Your assignment ->
Starting from the line that holds "tramitando la licencia", print every line through the end of the records, first and last included.

Stored items:
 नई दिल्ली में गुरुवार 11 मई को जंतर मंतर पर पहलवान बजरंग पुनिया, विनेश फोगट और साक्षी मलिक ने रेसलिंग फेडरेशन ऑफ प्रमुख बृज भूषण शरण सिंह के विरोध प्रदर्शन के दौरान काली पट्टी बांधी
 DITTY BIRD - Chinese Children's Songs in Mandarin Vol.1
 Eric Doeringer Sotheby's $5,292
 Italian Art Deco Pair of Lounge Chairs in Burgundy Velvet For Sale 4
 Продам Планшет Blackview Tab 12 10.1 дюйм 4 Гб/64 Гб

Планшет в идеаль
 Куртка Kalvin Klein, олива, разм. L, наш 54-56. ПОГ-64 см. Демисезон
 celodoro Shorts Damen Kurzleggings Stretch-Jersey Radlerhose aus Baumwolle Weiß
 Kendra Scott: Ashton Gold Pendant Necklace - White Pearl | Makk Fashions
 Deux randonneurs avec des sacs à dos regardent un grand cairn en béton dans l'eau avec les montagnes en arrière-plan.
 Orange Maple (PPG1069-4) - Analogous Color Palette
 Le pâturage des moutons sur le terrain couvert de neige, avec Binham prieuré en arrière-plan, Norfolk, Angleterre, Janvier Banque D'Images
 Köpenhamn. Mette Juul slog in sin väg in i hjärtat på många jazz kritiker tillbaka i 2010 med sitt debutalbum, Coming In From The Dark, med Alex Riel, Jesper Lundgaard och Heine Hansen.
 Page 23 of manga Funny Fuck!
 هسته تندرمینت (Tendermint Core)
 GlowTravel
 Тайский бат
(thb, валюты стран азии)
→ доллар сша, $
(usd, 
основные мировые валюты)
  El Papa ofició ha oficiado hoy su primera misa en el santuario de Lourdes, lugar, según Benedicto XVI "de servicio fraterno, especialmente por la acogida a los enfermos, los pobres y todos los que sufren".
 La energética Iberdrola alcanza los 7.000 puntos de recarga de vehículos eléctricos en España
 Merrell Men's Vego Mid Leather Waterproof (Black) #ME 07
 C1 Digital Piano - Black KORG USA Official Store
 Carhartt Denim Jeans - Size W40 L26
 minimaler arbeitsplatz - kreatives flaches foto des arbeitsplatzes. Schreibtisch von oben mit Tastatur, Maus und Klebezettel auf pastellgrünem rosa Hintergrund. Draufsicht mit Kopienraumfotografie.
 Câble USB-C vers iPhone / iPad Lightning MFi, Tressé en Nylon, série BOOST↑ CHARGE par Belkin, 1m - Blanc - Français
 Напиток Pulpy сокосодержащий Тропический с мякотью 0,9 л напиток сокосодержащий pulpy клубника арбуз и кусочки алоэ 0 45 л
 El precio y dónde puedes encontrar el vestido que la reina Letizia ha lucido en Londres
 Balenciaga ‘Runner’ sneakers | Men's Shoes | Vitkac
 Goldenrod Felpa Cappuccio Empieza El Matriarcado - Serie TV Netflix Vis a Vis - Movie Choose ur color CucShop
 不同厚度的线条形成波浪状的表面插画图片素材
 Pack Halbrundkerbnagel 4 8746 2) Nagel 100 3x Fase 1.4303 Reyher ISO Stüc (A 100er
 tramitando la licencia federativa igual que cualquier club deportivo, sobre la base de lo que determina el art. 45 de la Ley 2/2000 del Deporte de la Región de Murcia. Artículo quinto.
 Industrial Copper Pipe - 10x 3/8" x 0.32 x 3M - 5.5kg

Written answer ->
 tramitando la licencia federativa igual que cualquier club deportivo, sobre la base de lo que determina el art. 45 de la Ley 2/2000 del Deporte de la Región de Murcia. Artículo quinto.
 Industrial Copper Pipe - 10x 3/8" x 0.32 x 3M - 5.5kg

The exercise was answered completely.